Tuesday, 2 February 2010
Brown's Britain - Anything Goes
In my last post, a fantasy item, the idea that moneyed people would be buying up large enclaves in order to establish personal territories, more or less their own lordships, I thought might be way over the top. Later looking around the web I came across a piece by Nick Cohen in “Comment Is Free” in the “Observer” of Sunday 31 January entitled “It's all aboard the gravy train for Network Rail bosses. While European train users get exemplary service, British rail bosses splash out on Highland estates”. In the past I have ranted on about Fantasy Island Economics but never thought to see them confirmed so absolutely.
Iain Coucher, the chief of Network Rail has just purchased a large estate in Argyll fit for any ancient Highland Laird, or more recently the rich and powerful business men who followed them in the 19th and 20th Centuries. As Cohen points out, Coucher, the new Laird of Keills, is none of these, he is to all intents and purposes a civil servant who heads a second rate railway board. Moreover he doesn’t exactly run the trains. His organisation takes care of the signalling, the stations, the tracks and the bridges.
Cohen goes on to say: “It isn't a private company whose managers are accountable to shareholders and independent directors. On the contrary, it receives £4bn a year of public money, and its entire £28bn, five-year investment programme in track, stations and signalling will come from the taxpayers. However, when he created it after the collapse of the privatised Railtrack, Gordon Brown was determined that it would not be a publicly owned either.
As slippery as ever, Brown wanted to engage in Enron accounting and keep the railways' debts off the government accounts. As important as his desire to play games with the national debt was his fear of right-wing newspapers accusing him of being an old Labour socialist. Instead of restoring the former nationalised British Rail, Brown set up Network Rail. As his adviser, Baroness Vadera, explained at the time in an email to ministers, the organisation would be so complex the tabloids wouldn't understand it.”

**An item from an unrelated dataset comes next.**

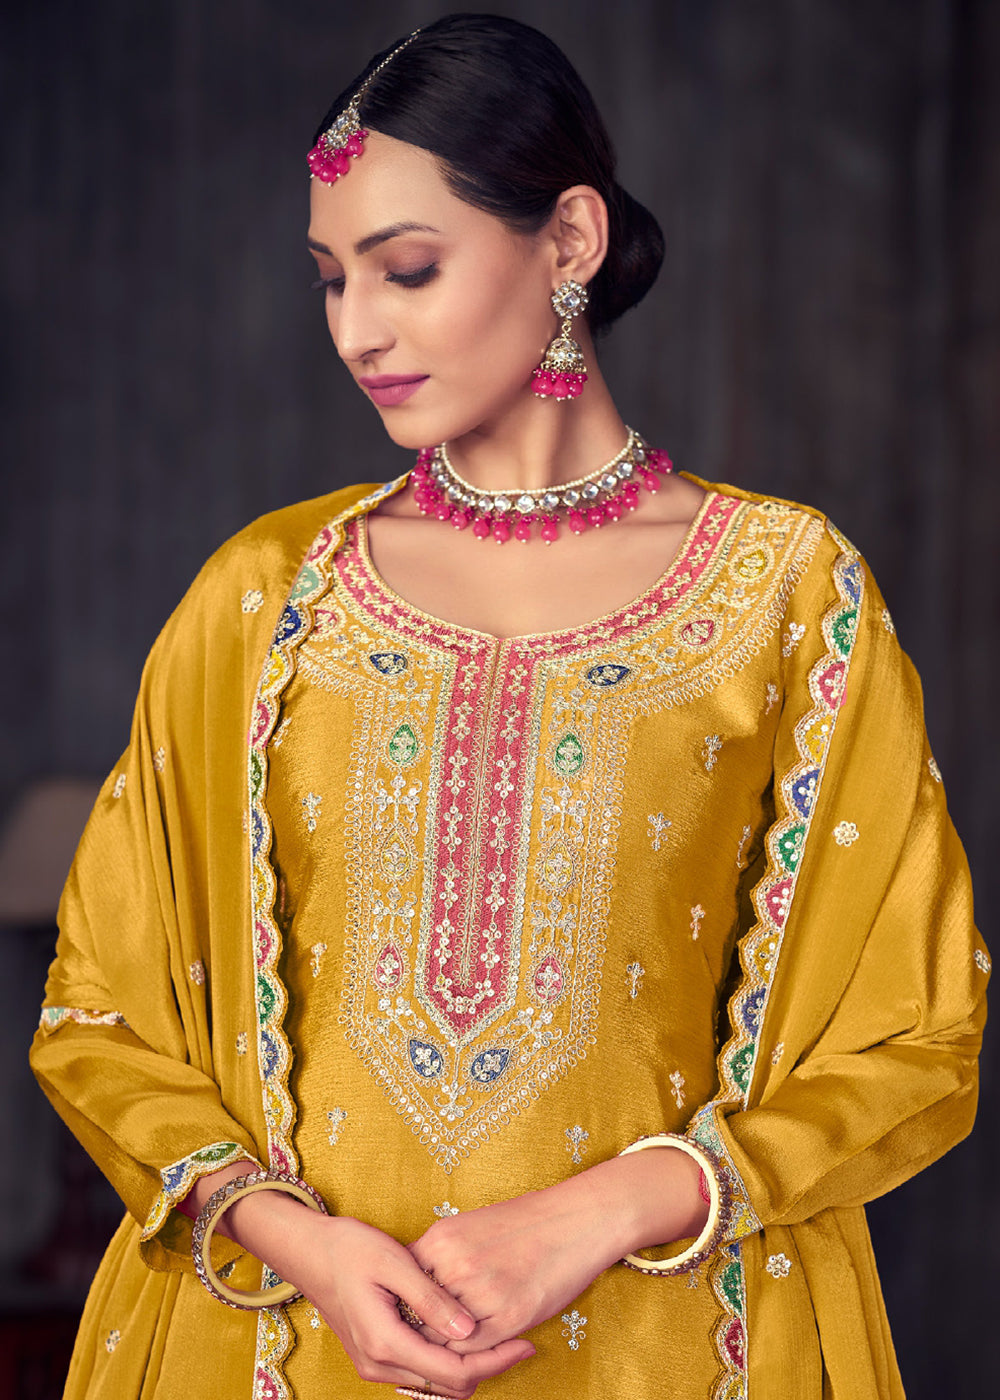 Buy Now Mustard Heavy Chinnon Embroidered Lehenga Kurti Suit Online in USA, UK, Canada, Germany, Australia & Worldwide at Empress Clothing.

Others are bound to wonder what exactly it is when it does not fit in to any of the regular and regulated forms of public and business organisation. To invent a new word perhaps one way of describing it is a “Cronygarchy”. It certainly seems to be free of ordinary laws and regulations if some of the reports on the behaviour of senior management are to be believed. It is claimed that 155 payouts with gagging clauses amount to £950,000 have been made. The nature of interwoven payments around Network Rail and connected financial and consultancy firms in which senior people have interests add to the confusion of direction and policy.
When the media take an interest in this, as did The Mail On Sunday, then Network Rail called in legal strike force of Schillings, one of the most expensive firms of libel lawyers in the world. Politicians, naively believing that £4 billion p.a. of taxpayer money might make Network Rail accountable to either Ministers or to Parliament have been told, more or less, to shut up and go away.
Also £5 billion of taxpayer money goes to the private companies, who have their own particular advantages and arrangements. One is to relieve them of the old style ways of dealing with accidents to passengers. It is possible now for potentially fatal accidents to occur and to avoid any investigation or inquiry. The Rail Accident Investigation Board do look at a range of operational matters and cannot avoid dealing with bad smashes which entail deaths and injuries or the more spectacular events at level crossings, but many other accidents are brushed aside.
There has been publicity given already given to the £500+ million support to firms experiencing difficulty and the suggestion that 96% has gone to companies in Labour held constituencies. Less obvious is where the rail money can go. It was striking that in the recent introduction of High Speed Trains on South Eastern all the improvements involved services going from or via Labour held districts. Those that only went through constituencies held by other parties lost 30% of their services causing serious problems for many commuters, many of whom are low paid, never mind all the poorer or disabled travellers who depended on the services.
As we used to say in the parcels office when yet another ancient decrepit coal truck derailed and disrupted services, “What a way to run a railway”.